> [PROVIDED MATERIAL]:
────────────────────────────────────────
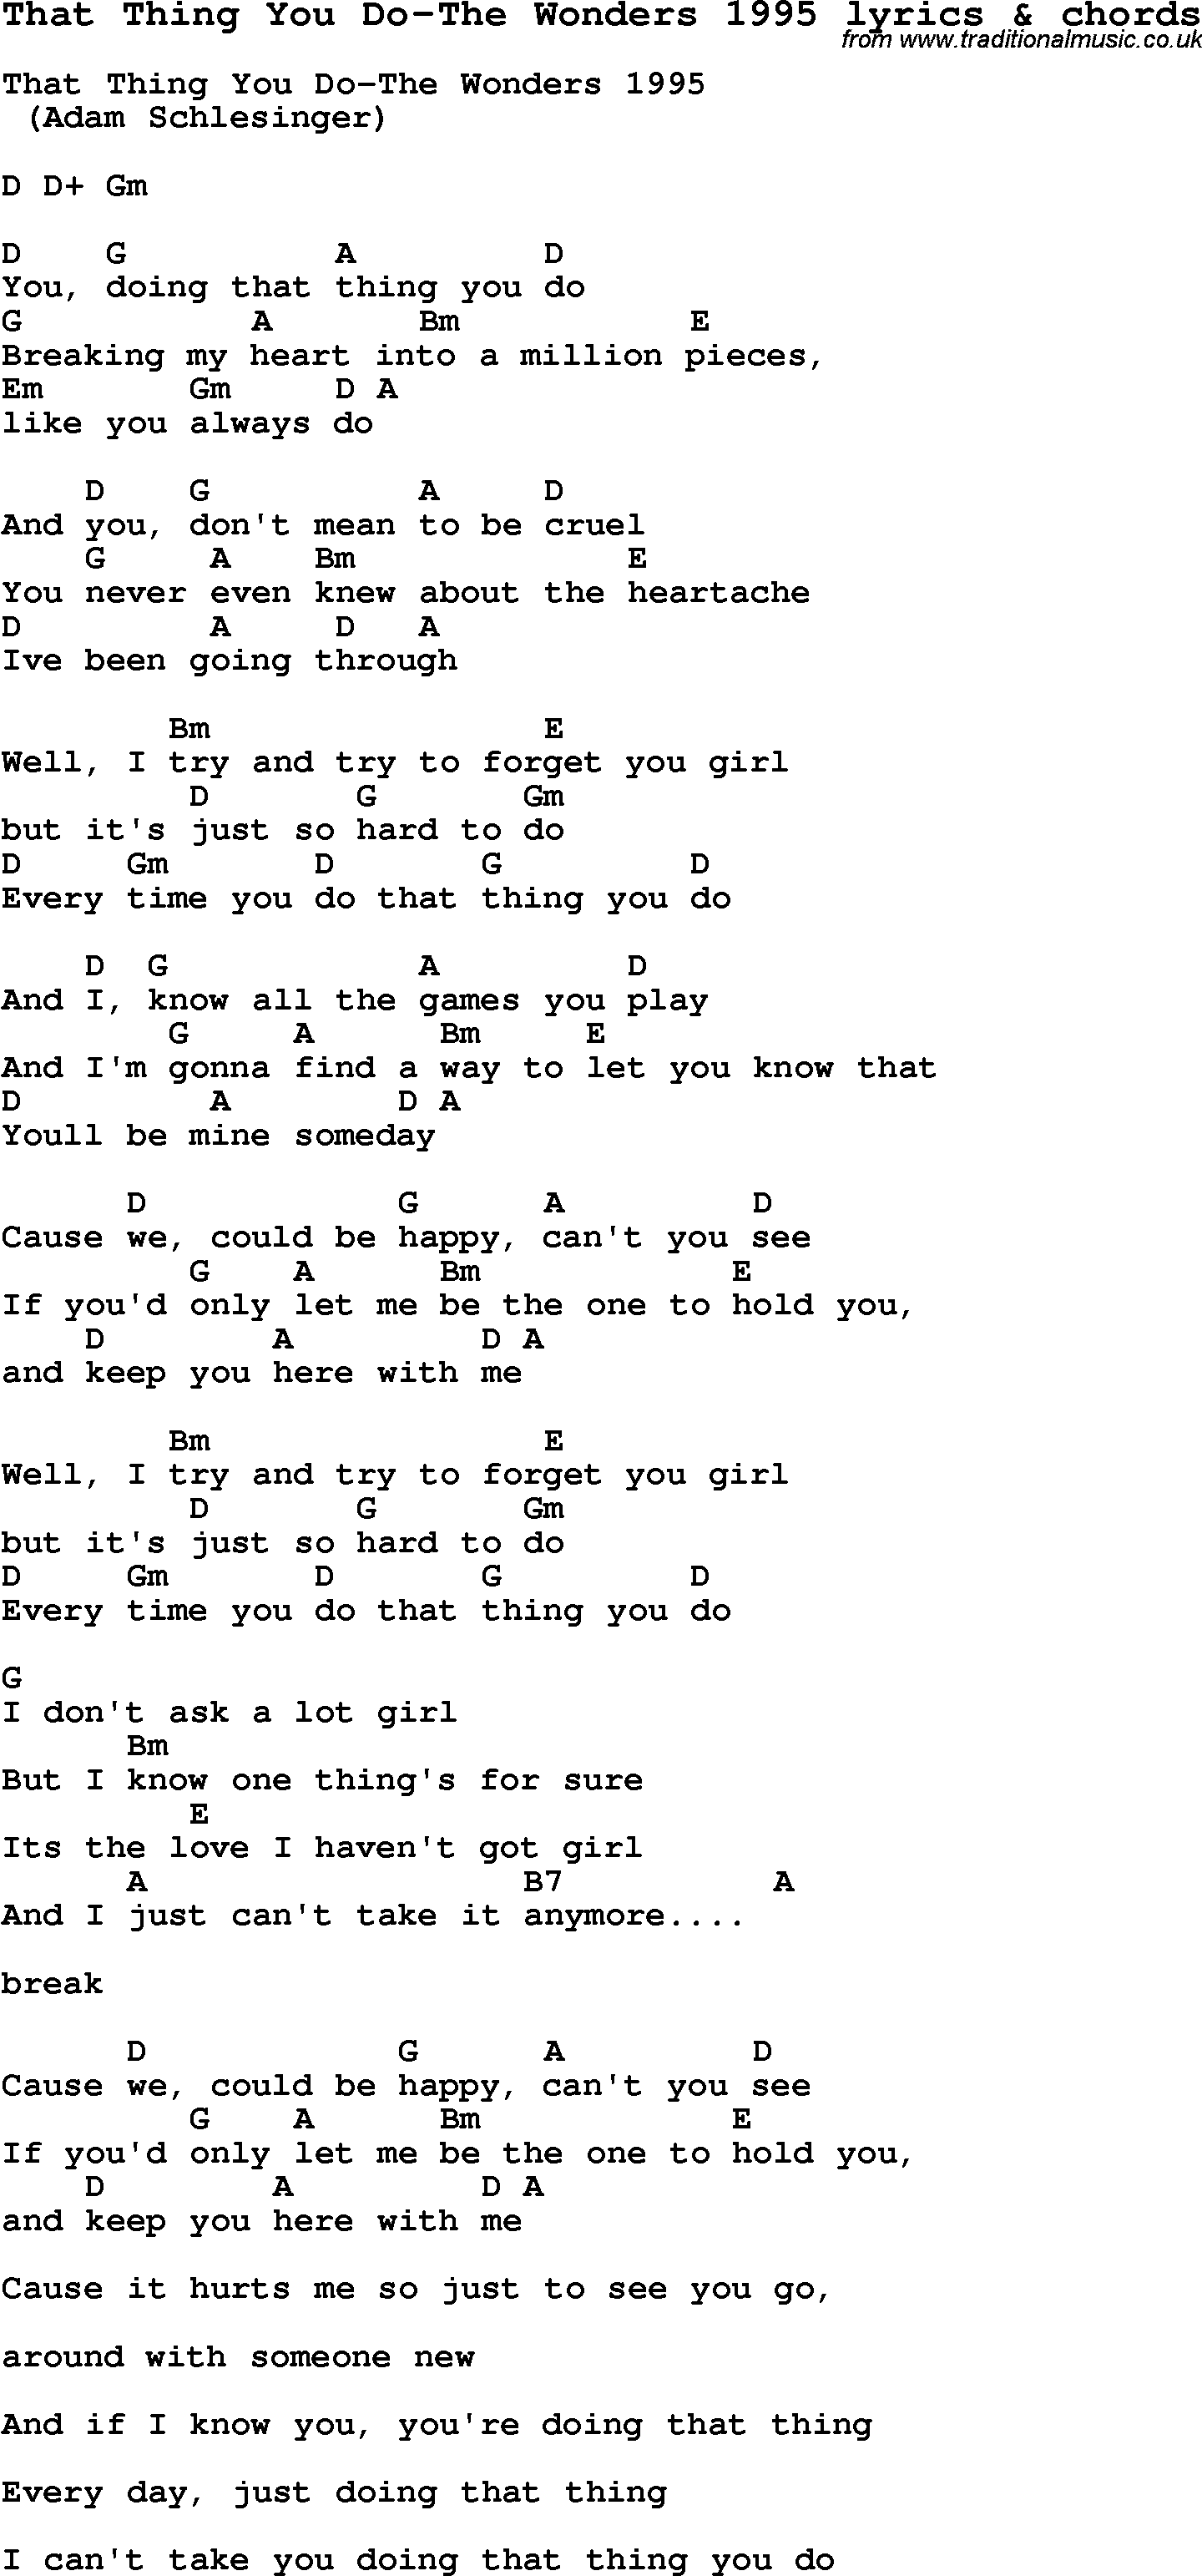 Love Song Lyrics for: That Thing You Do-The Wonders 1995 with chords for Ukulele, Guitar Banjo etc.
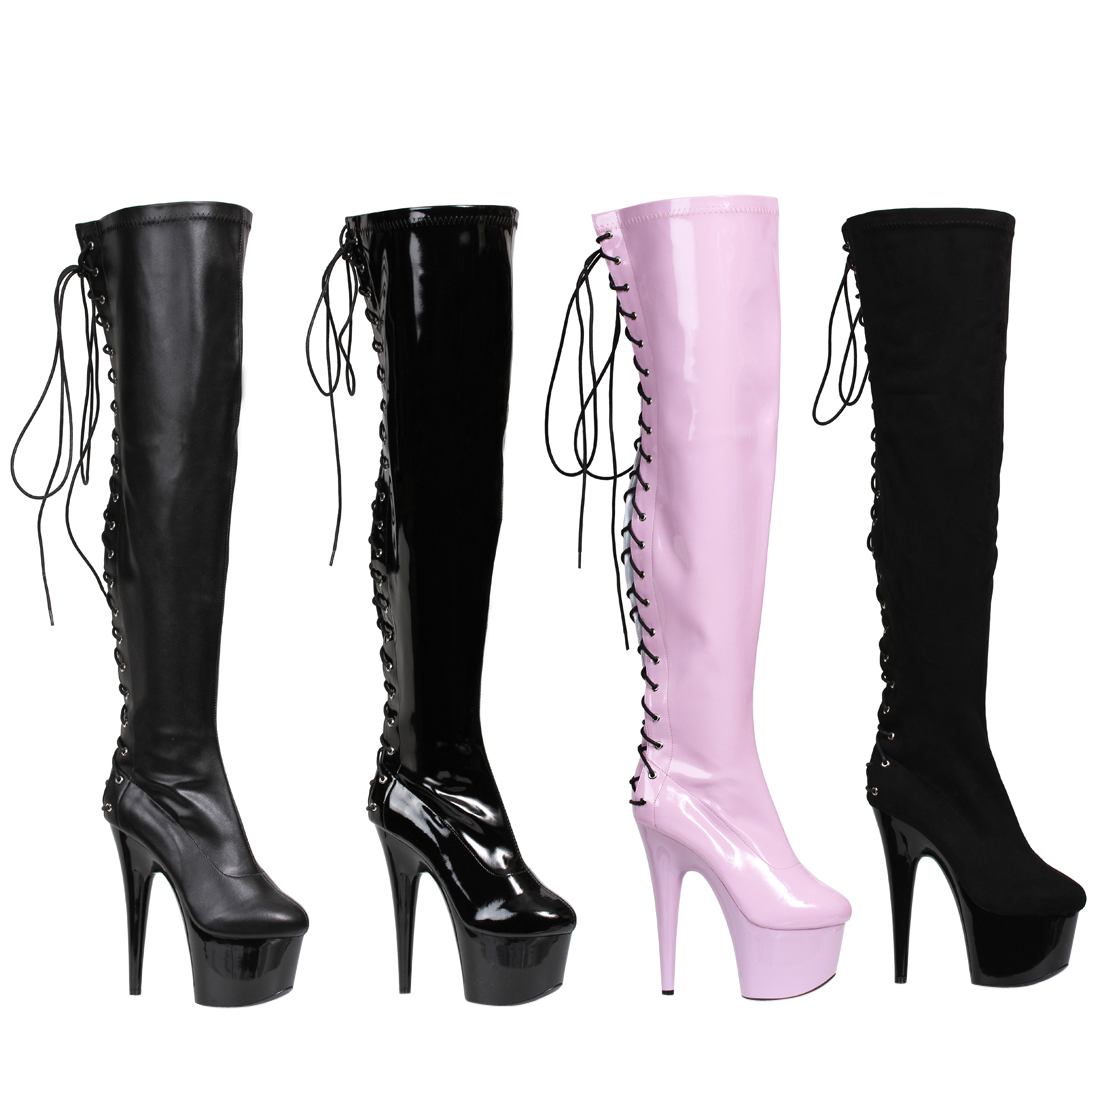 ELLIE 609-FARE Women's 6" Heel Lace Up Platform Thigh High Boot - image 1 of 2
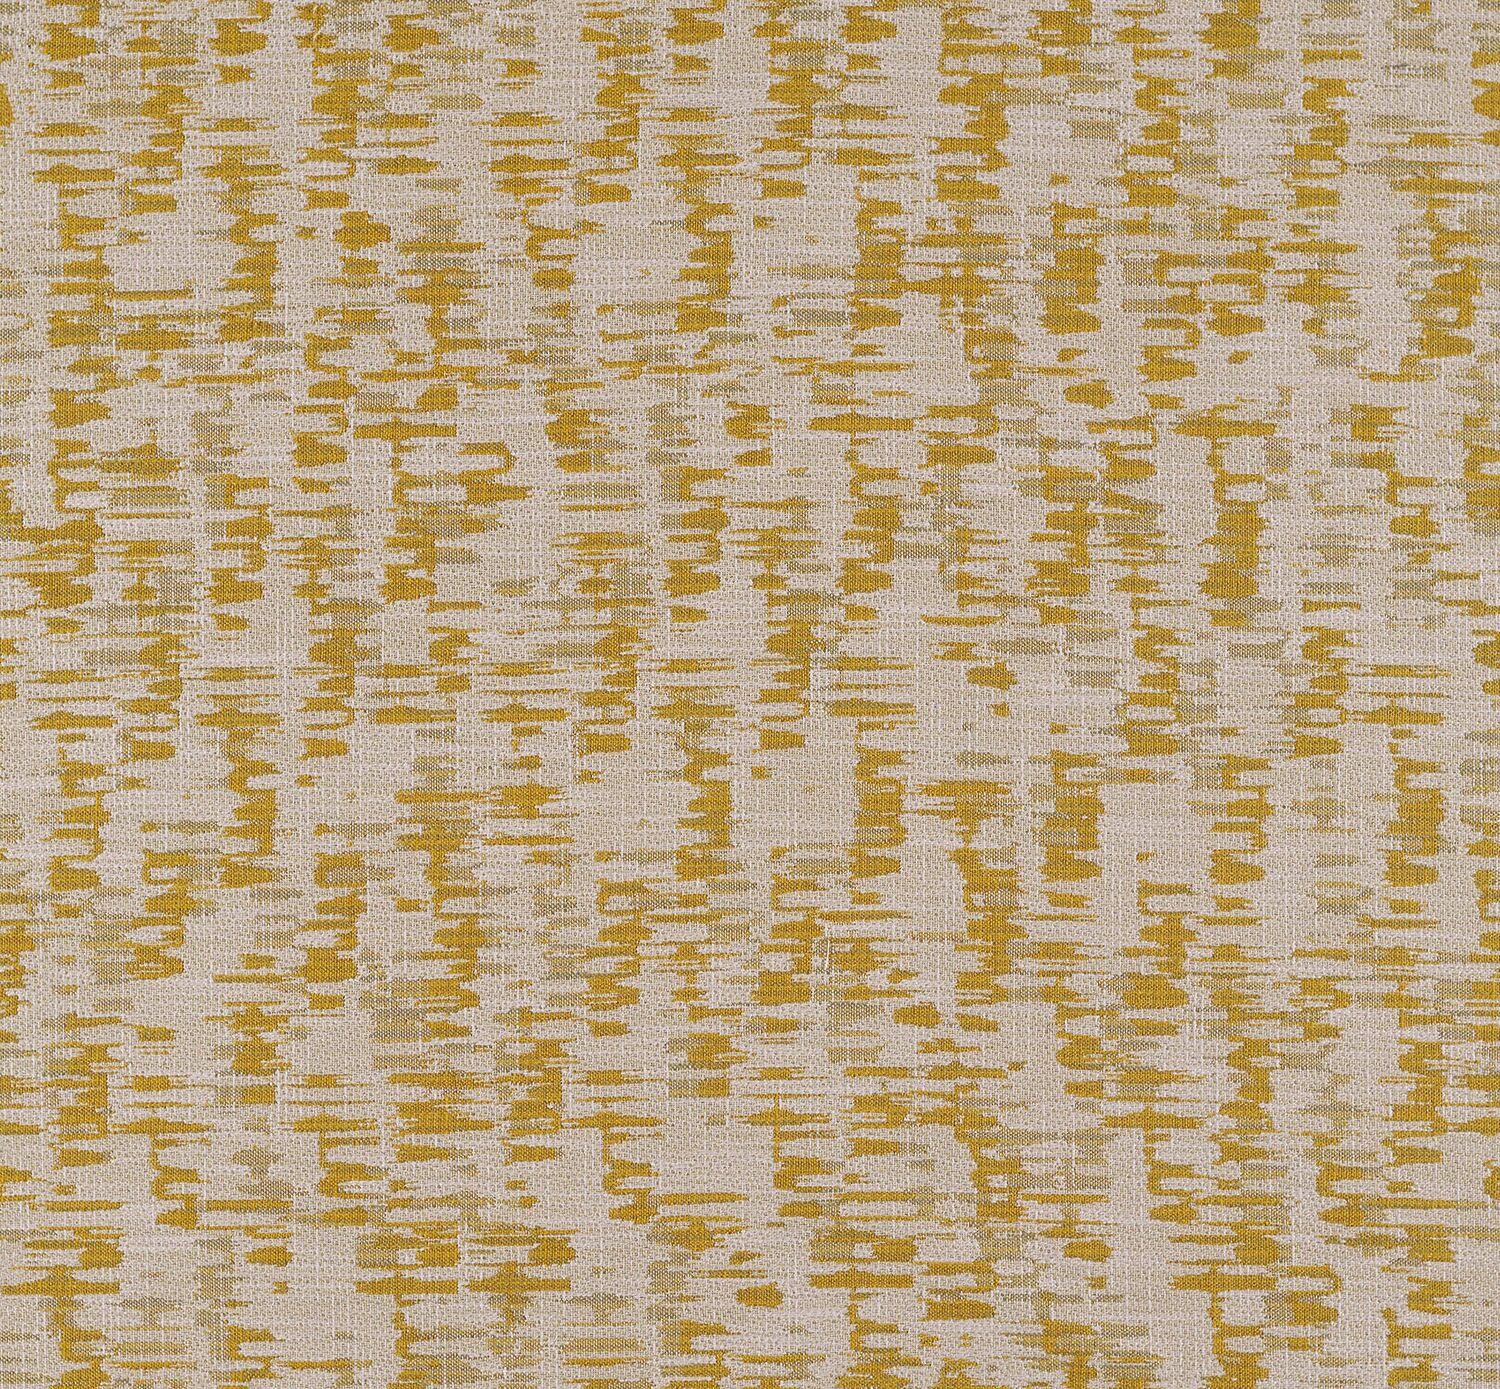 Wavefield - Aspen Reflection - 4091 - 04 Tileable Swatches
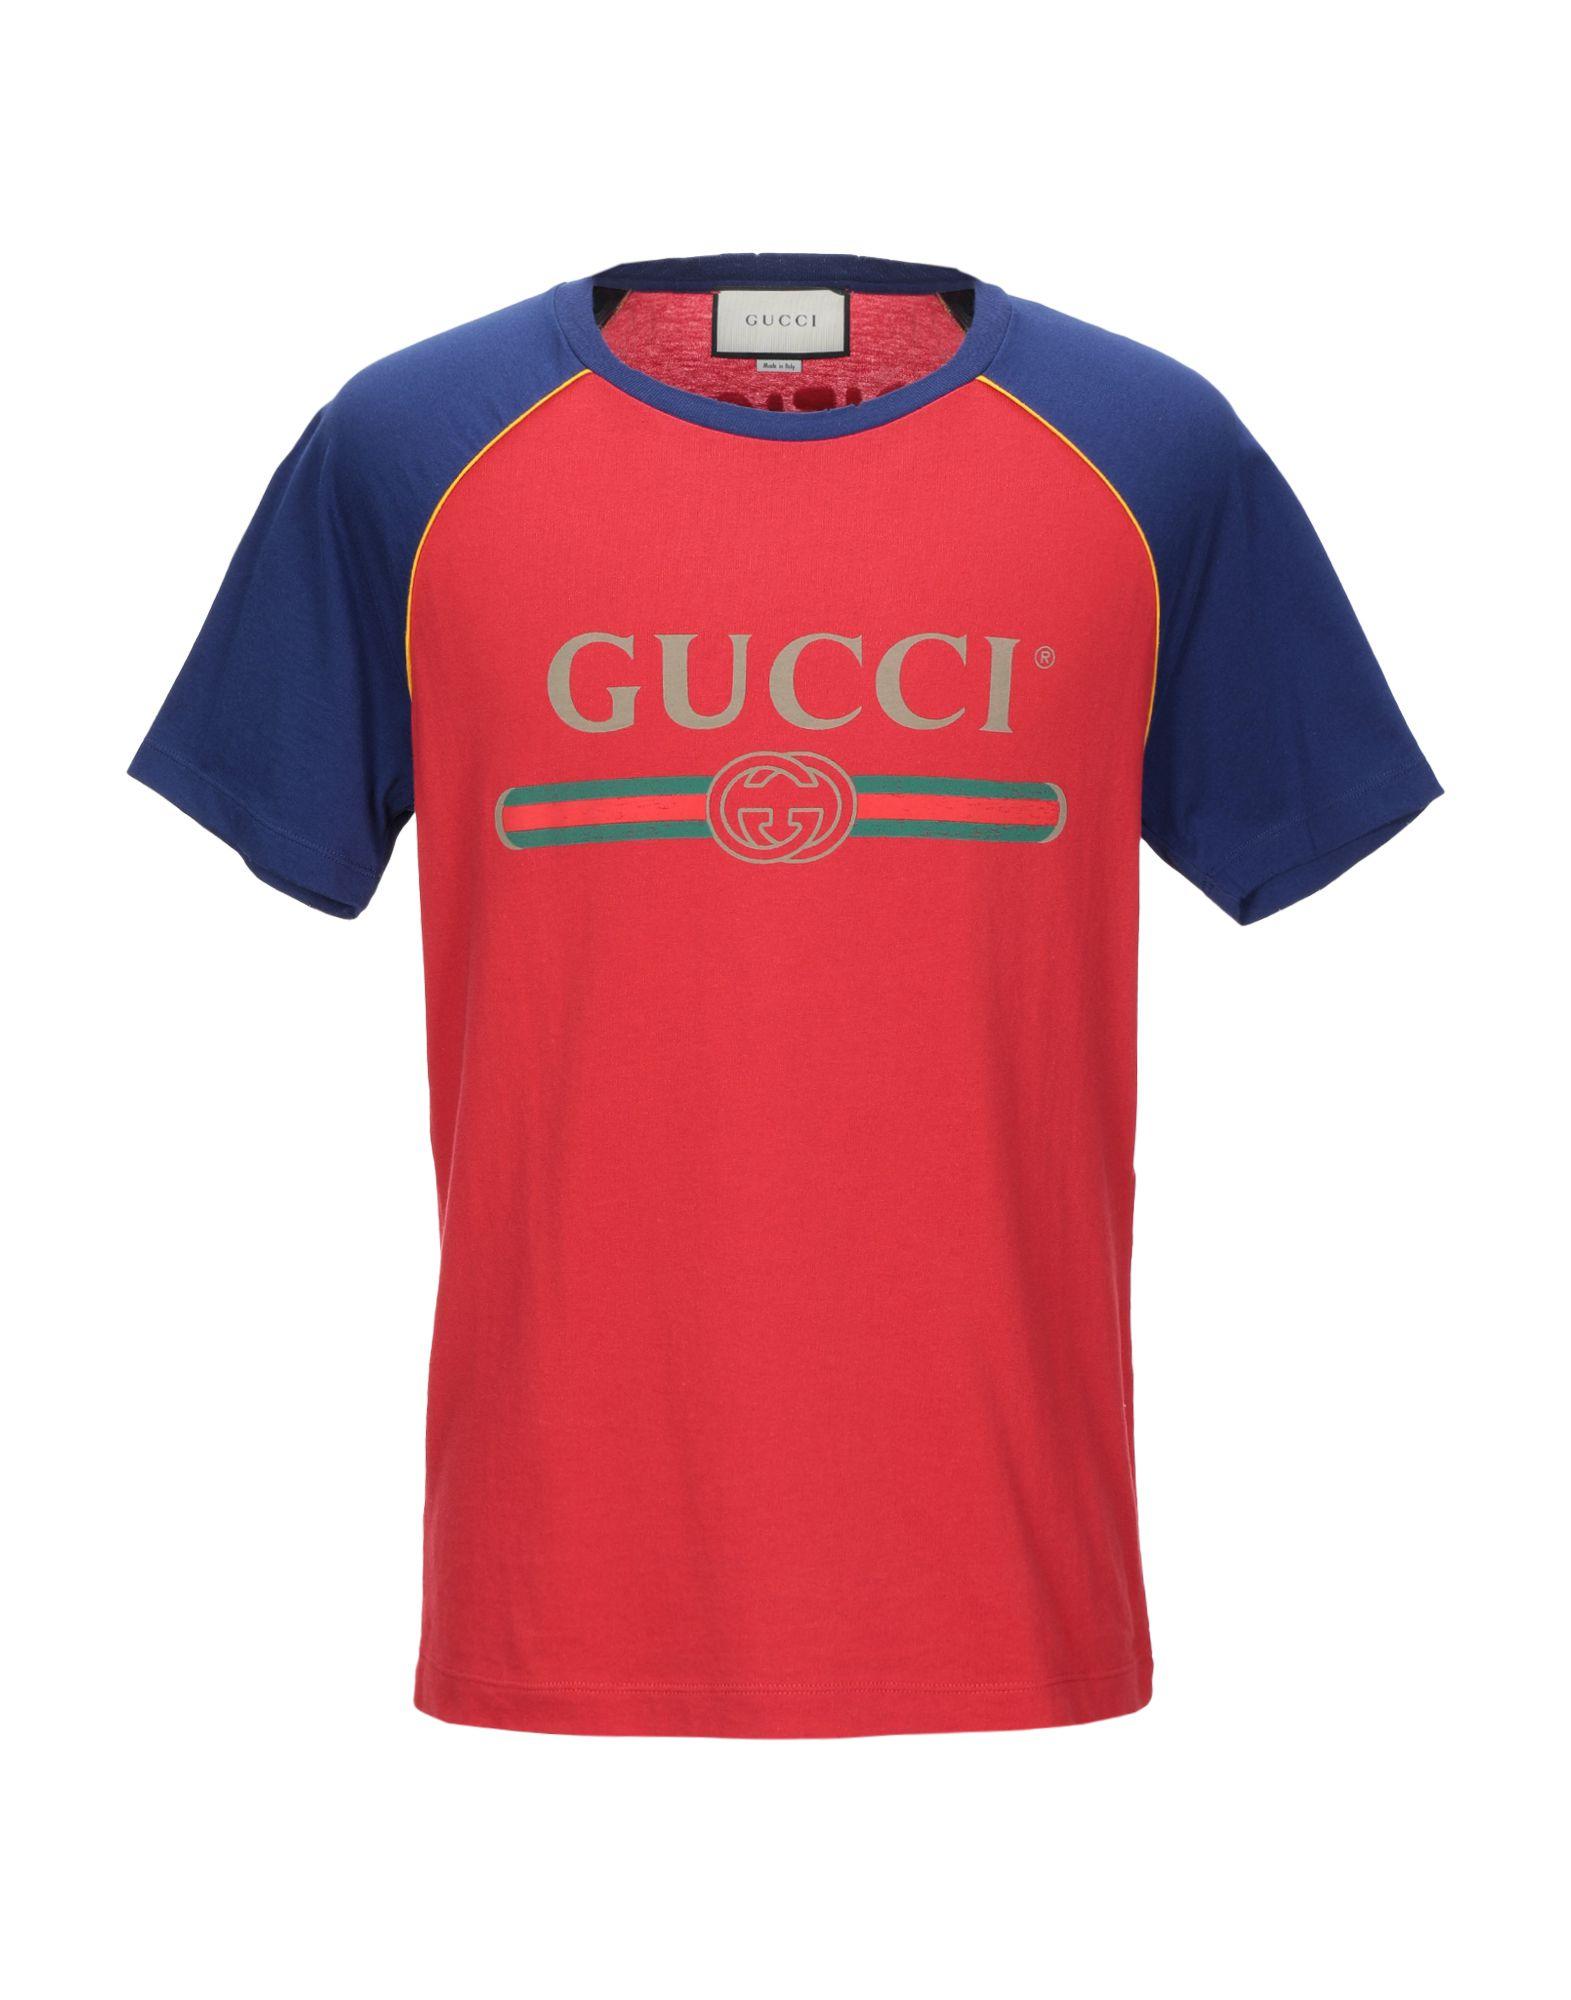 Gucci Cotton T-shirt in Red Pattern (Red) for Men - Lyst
────────────────────────────────────────
> [TRY IT]: Write the material out again word for word and omit any images.

> [ANSWER SPACE]:
 Love Song Lyrics for: That Thing You Do-The Wonders 1995 with chords for Ukulele, Guitar Banjo etc.
 ELLIE 609-FARE Women's 6" Heel Lace Up Platform Thigh High Boot - image 1 of 2
 Wavefield - Aspen Reflection - 4091 - 04 Tileable Swatches
 Gucci Cotton T-shirt in Red Pattern (Red) for Men - Lyst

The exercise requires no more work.